# The data:

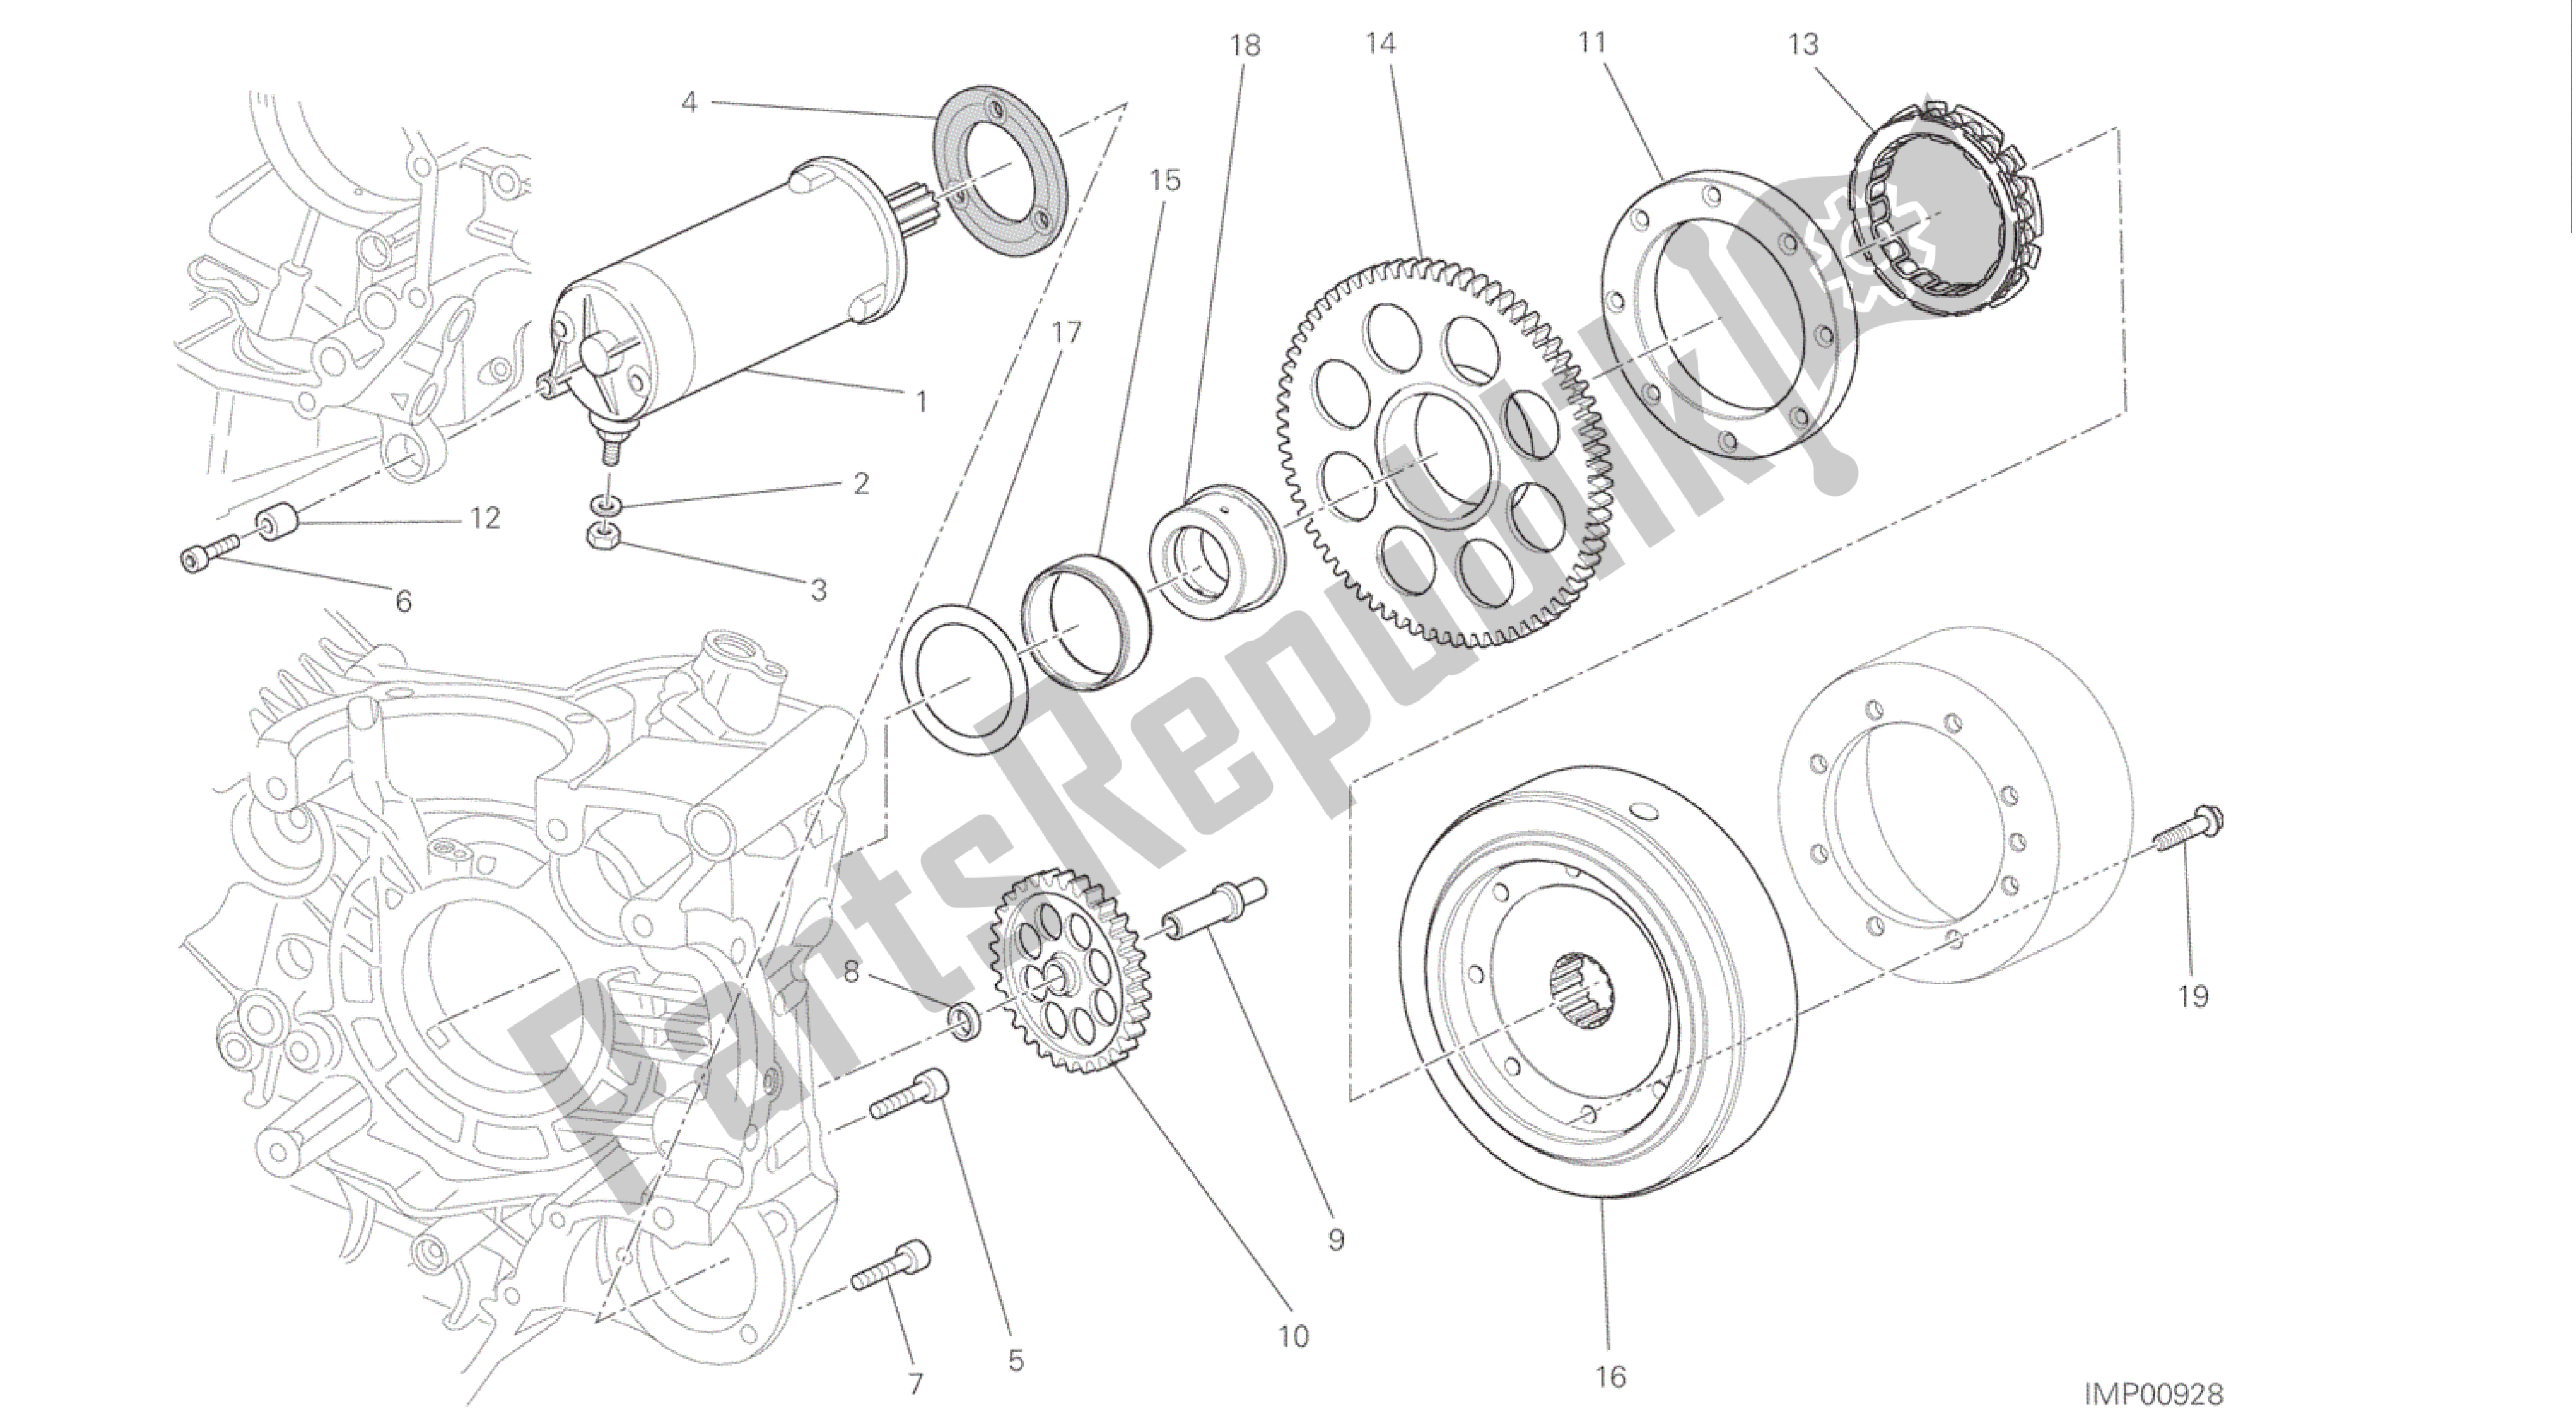 Todas las partes para Dibujo 012 - Motor De Grupo De Arranque Eléctrico Y Encendido [mod: M 1200] de Ducati Monster 1200 2016
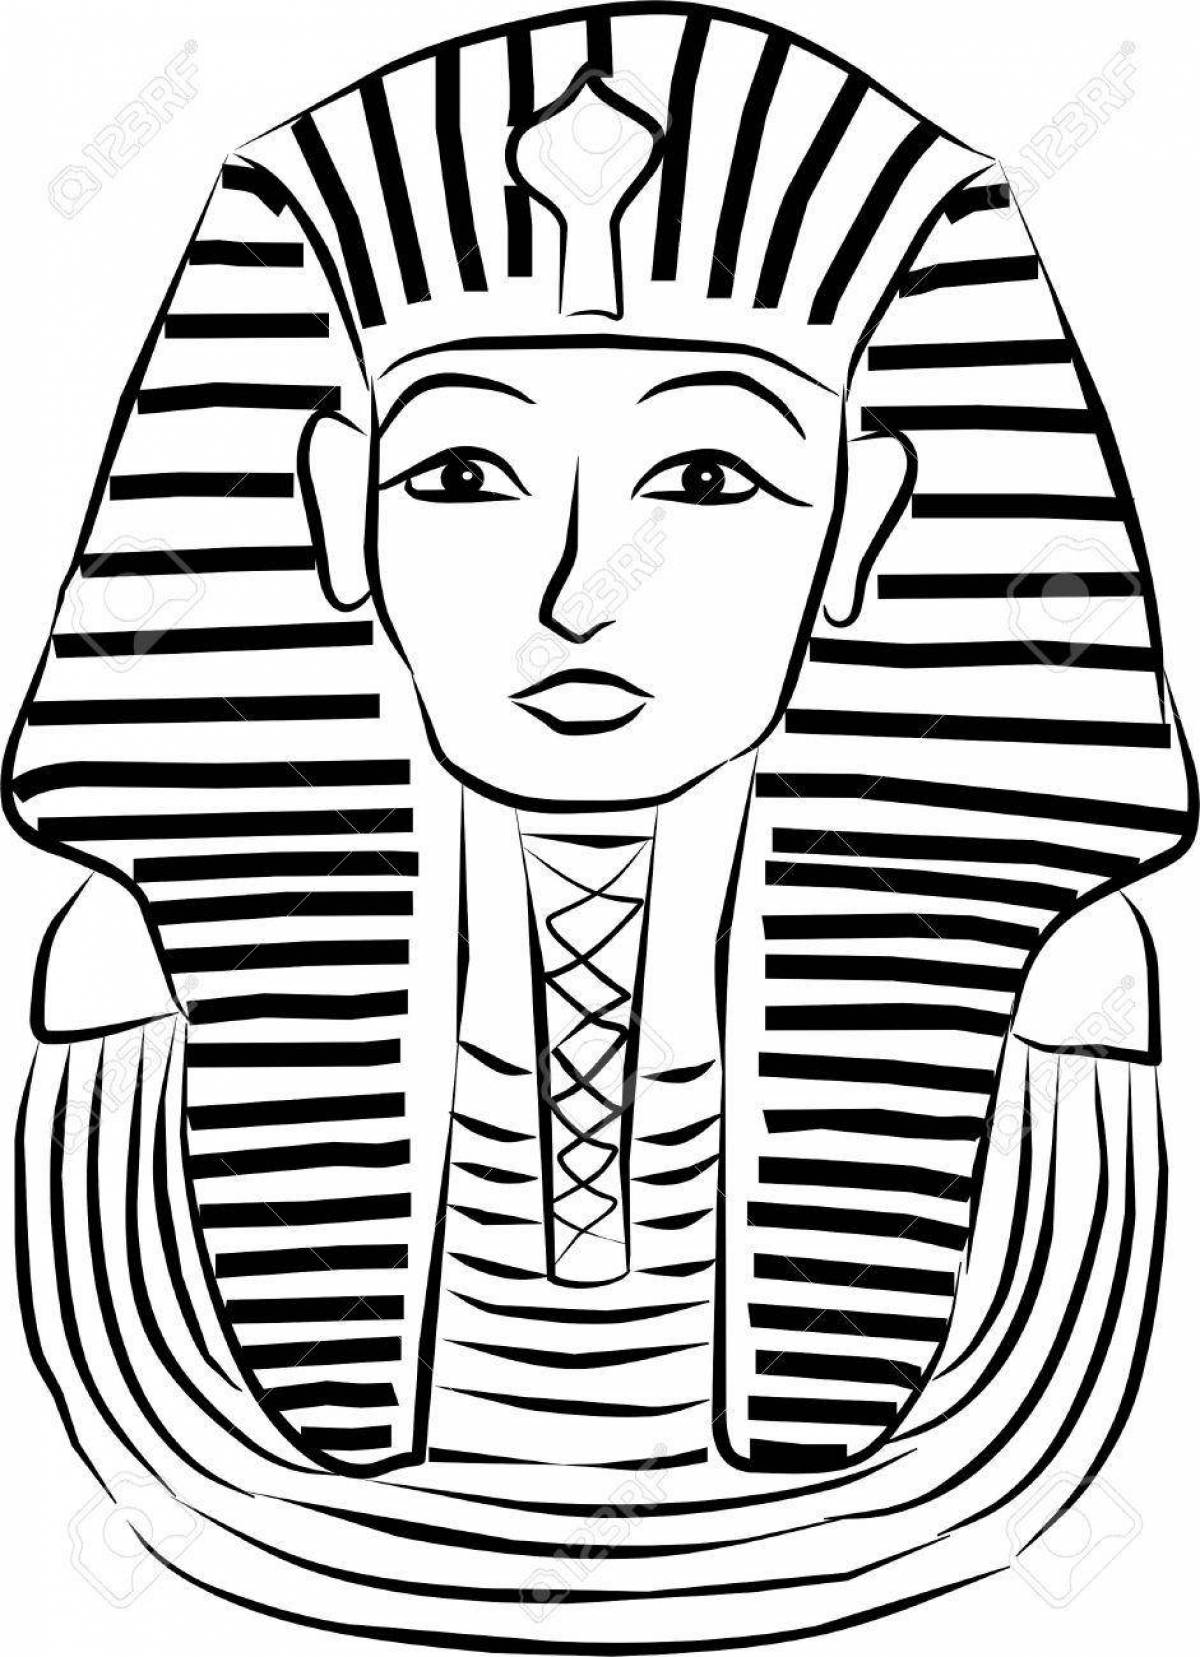 Саркофаг фараона Тутанхамона раскраска
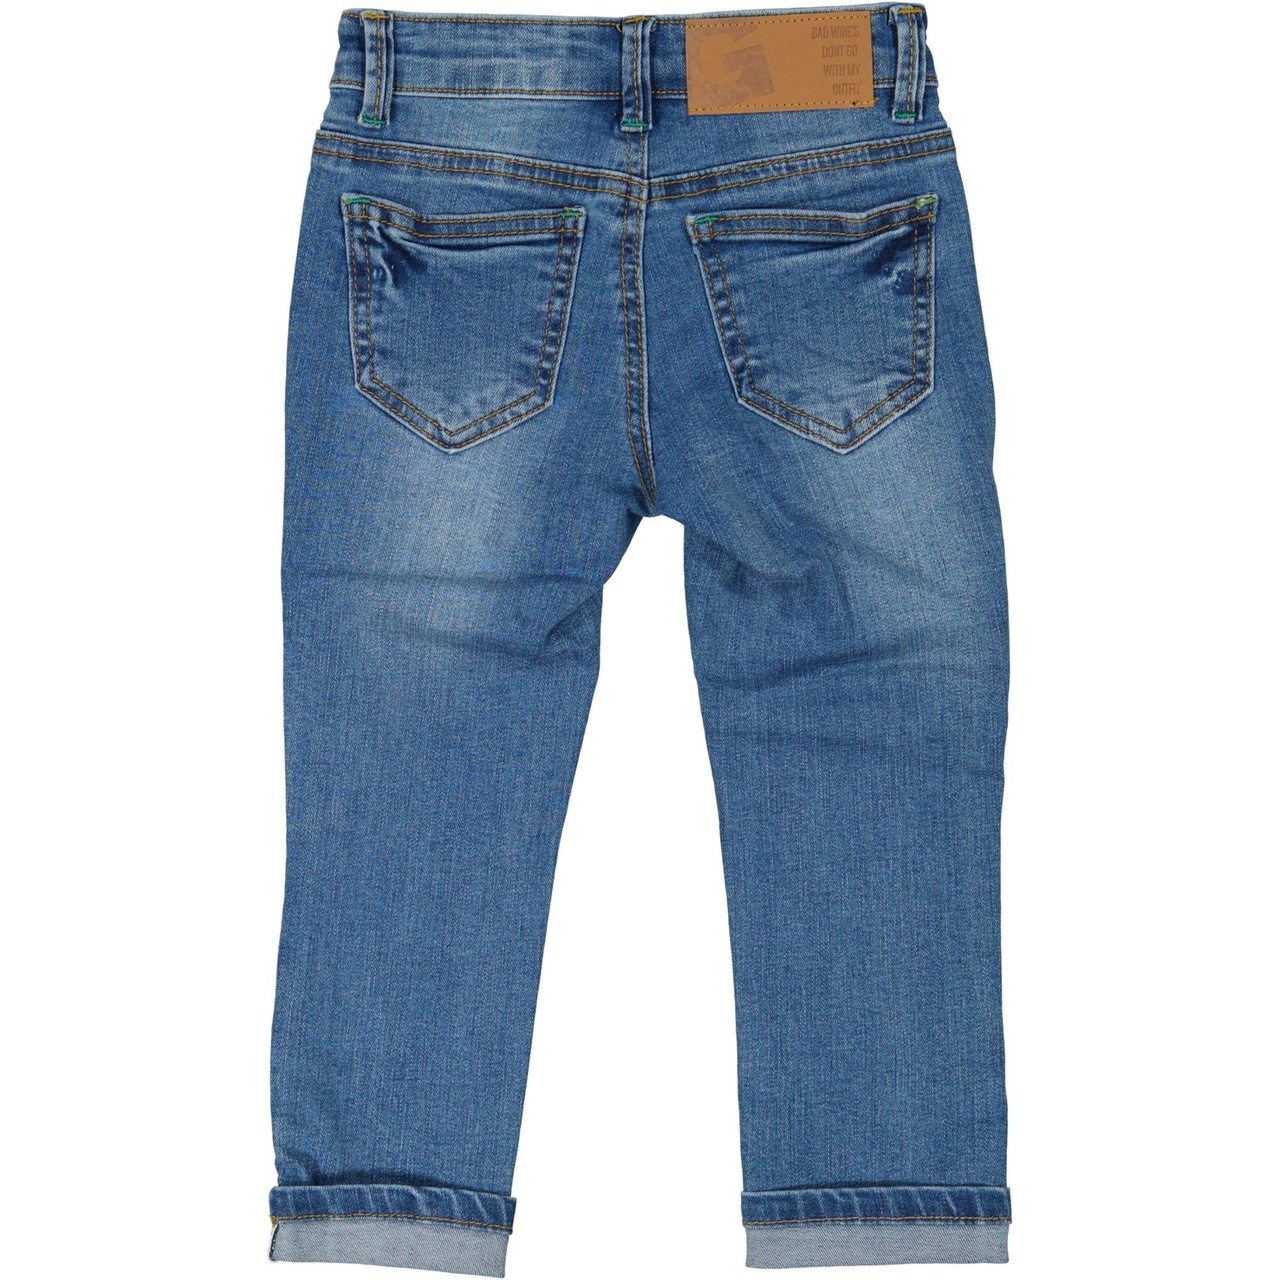 Unisex 5-pocket jeans Denim blue wash 86/92

# Exercise brief:
Omitting all images, print the listing exactly.

# Result below:
 Todas las partes para Dibujo 012 - Motor De Grupo De Arranque Eléctrico Y Encendido [mod: M 1200] de Ducati Monster 1200 2016
 Саркофаг фараона Тутанхамона раскраска
 Unisex 5-pocket jeans Denim blue wash 86/92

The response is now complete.